Task objective: Gather each line containing the string "Region" from these entries.

Excerpts from a dataset:
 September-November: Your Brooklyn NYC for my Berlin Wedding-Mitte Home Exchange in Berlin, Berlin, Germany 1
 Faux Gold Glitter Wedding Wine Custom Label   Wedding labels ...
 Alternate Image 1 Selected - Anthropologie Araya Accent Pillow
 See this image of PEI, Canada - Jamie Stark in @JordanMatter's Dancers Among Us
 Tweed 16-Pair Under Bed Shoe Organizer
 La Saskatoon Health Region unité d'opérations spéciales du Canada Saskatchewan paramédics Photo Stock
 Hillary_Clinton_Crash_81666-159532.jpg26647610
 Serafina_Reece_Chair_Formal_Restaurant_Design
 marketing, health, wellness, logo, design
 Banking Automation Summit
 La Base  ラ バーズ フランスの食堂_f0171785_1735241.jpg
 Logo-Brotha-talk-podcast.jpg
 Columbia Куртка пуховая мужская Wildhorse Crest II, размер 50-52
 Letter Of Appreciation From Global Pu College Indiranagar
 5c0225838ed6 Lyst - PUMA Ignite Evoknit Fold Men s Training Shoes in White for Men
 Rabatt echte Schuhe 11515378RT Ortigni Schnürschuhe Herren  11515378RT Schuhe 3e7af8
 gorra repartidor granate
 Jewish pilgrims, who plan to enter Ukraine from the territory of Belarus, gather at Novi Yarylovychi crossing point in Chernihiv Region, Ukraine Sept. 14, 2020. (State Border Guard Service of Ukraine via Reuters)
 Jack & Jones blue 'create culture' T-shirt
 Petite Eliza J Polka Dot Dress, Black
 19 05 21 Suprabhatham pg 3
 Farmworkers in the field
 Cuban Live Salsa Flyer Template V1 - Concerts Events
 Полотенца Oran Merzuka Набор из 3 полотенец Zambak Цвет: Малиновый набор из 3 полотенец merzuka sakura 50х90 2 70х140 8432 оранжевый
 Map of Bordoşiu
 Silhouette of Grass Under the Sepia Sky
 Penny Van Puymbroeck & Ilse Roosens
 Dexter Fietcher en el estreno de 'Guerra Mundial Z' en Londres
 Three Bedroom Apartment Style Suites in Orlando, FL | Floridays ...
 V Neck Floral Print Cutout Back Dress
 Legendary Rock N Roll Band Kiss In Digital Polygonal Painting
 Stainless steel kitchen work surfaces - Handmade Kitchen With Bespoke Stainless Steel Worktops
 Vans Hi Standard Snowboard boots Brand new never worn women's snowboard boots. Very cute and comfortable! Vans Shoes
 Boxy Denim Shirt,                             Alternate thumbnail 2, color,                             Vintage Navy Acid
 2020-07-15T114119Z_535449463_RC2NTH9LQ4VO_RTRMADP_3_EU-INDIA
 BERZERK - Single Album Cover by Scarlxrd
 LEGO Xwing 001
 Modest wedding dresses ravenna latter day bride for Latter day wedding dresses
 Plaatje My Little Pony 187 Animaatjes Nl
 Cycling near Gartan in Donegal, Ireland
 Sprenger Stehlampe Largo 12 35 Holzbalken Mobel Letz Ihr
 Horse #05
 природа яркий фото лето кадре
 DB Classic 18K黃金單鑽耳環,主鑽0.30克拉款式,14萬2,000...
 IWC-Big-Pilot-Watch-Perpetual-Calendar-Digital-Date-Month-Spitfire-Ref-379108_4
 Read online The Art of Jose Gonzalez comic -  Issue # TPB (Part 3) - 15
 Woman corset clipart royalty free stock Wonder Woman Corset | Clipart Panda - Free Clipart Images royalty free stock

Task result:
 La Saskatoon Health Region unité d'opérations spéciales du Canada Saskatchewan paramédics Photo Stock
 Jewish pilgrims, who plan to enter Ukraine from the territory of Belarus, gather at Novi Yarylovychi crossing point in Chernihiv Region, Ukraine Sept. 14, 2020. (State Border Guard Service of Ukraine via Reuters)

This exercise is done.